Theoretical Characterization of the Generalization Performance of Overfitted Meta-Learning

Meta-learning has arisen as a successful method for improving training performance by training over many similar tasks, especially with deep neural networks (DNNs). However, the theoretical understanding of when and why overparameterized models such as DNNs can generalize well in meta-learning is still limited. As an initial step towards addressing this challenge, this paper studies the generalization performance of overfitted meta-learning under a linear regression model with Gaussian features. In contrast to a few recent studies along the same line, our framework allows the number of model parameters to be arbitrarily larger than the number of features in the ground truth signal, and hence naturally captures the overparameterized regime in practical deep meta-learning. We show that the overfitted min $\ell_2$-norm solution of model-agnostic meta-learning (MAML) can be beneficial, which is similar to the recent remarkable findings on ``benign overfitting'' and ``double descent'' phenomenon in the classical (single-task) linear regression. However, due to the uniqueness of meta-learning such as task-specific gradient descent inner training and the diversity/fluctuation of the ground-truth signals among training tasks, we find new and interesting properties that do not exist in single-task linear regression. We first provide a high-probability upper bound (under reasonable tightness) on the generalization error, where certain terms decrease when the number of features increases. Our analysis suggests that benign overfitting is more significant and easier to observe when the noise and the diversity/fluctuation of the ground truth of each training task are large. Under this circumstance, we show that the overfitted min $\ell_2$-norm solution can achieve an even lower generalization error than the underparameterized solution.
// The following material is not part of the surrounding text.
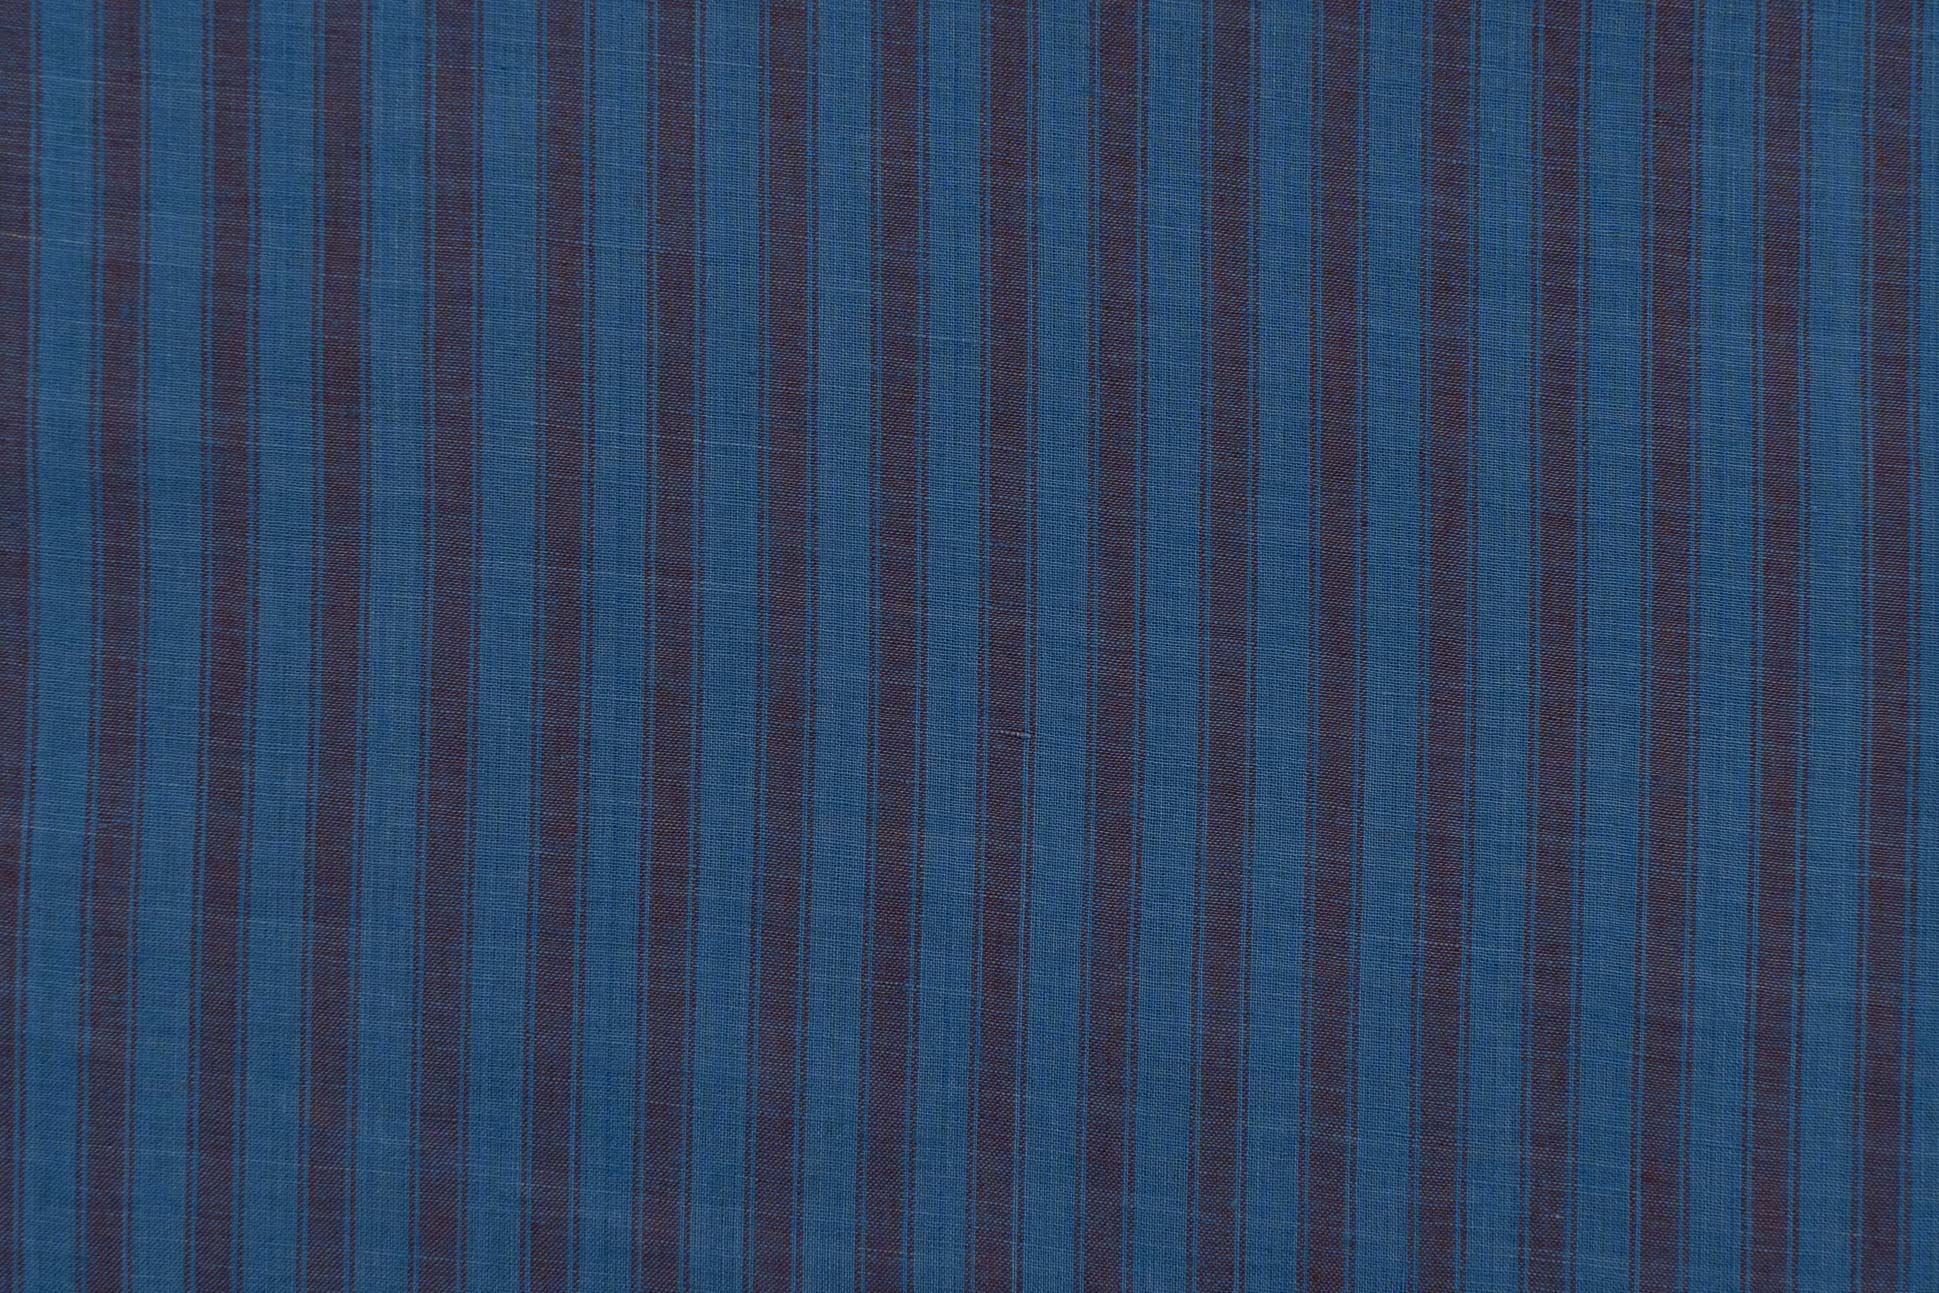 Azure Blue Handloom Khari Cotton Fabric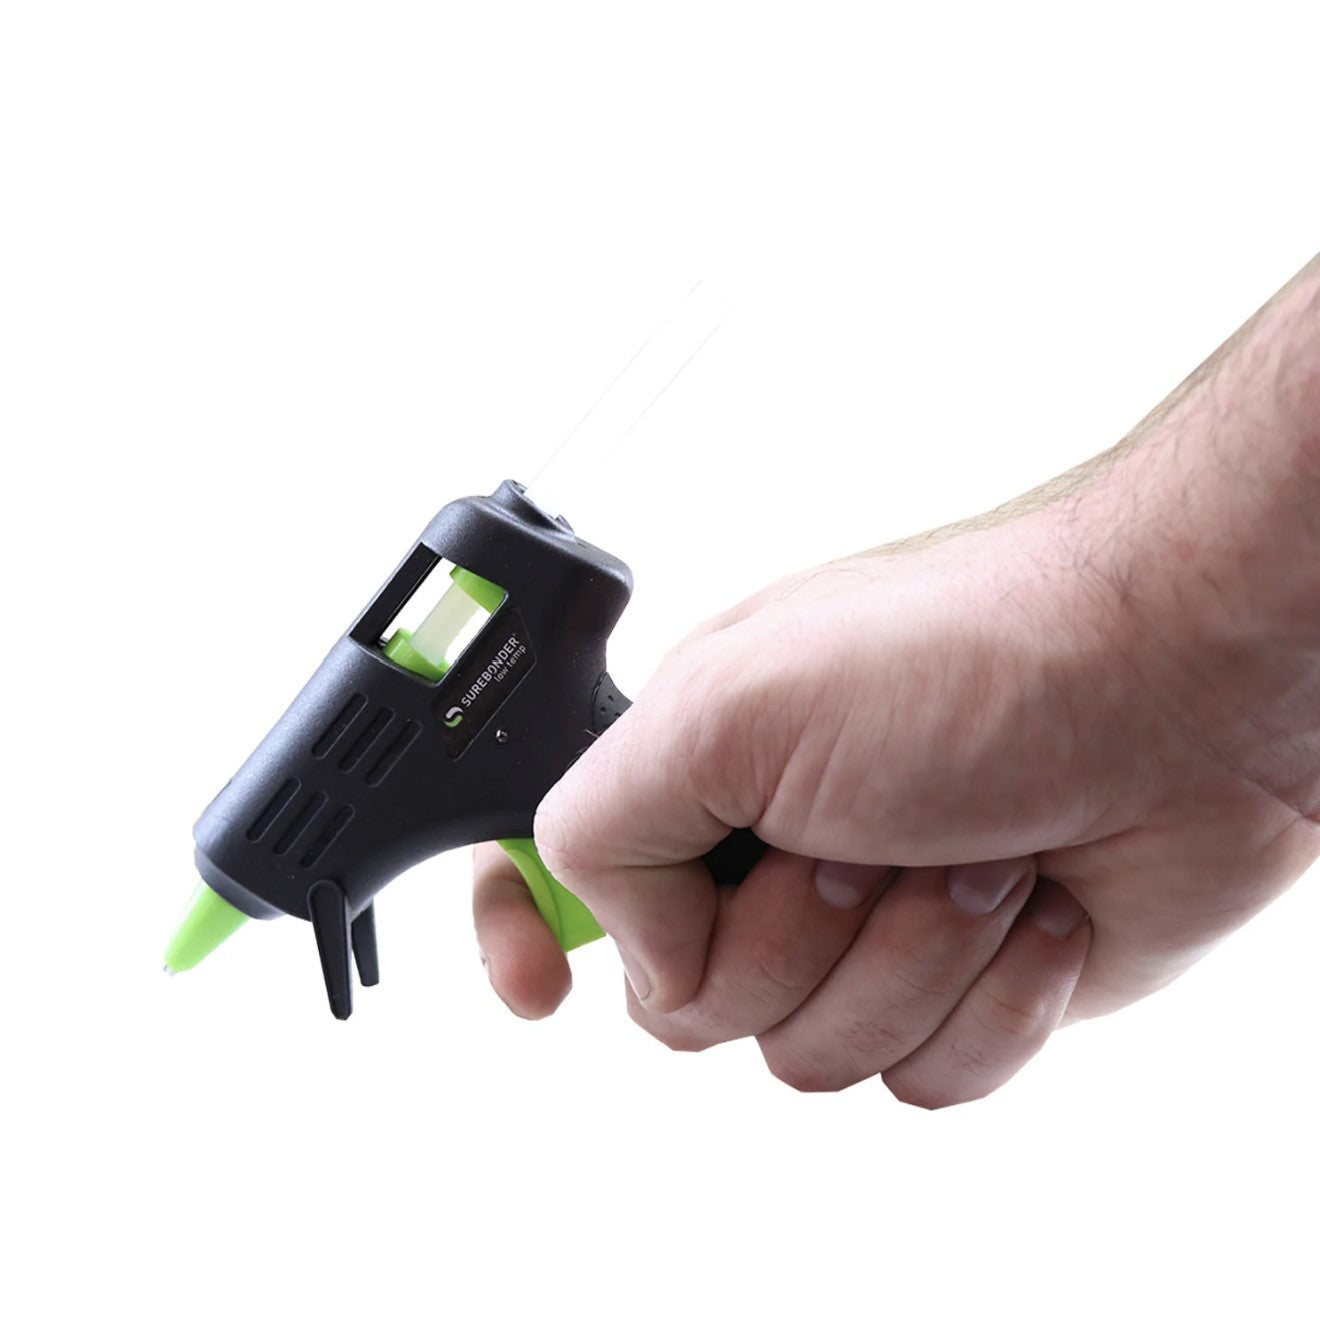 Mini Size Low Temp Glue Gun, 10 Watt (Ref. LT-160), Black Colored Essentials Series by Surebonder®

翻译：元学习通过训练大量相似任务（特别是在深度神经网络中）已成为提升训练性能的成功方法。然而，对于过参数化模型（如深度神经网络）在元学习中何时及为何能实现良好泛化的理论理解仍然有限。作为解决这一挑战的初步步骤，本文研究了高斯特征线性回归模型下过度拟合元学习的泛化性能。与近期几项同类研究不同，我们的框架允许模型参数数量任意大于真实信号中的特征数量，从而自然捕获实际深度元学习中的过参数化场景。研究表明，模型无关元学习（MAML）中最小$\ell_2$范数的过度拟合解可能具有优势，这与经典（单任务）线性回归中近期引人注目的“良性过拟合”和“双重下降”现象发现相似。然而，由于元学习的独特性质（如任务特定梯度下降内部训练及训练任务间真实信号的多样性/波动性），我们发现了单任务线性回归中不存在的新颖有趣特性。首先给出泛化误差的高概率上界（在合理紧性条件下），其中某些项随特征数量增加而递减。分析表明，当噪声及每个训练任务真实信号的多样性/波动性较大时，良性过拟合更为显著且更易被观测。在此条件下，过度拟合的最小$\ell_2$范数解甚至能实现比欠参数化解更低的泛化误差。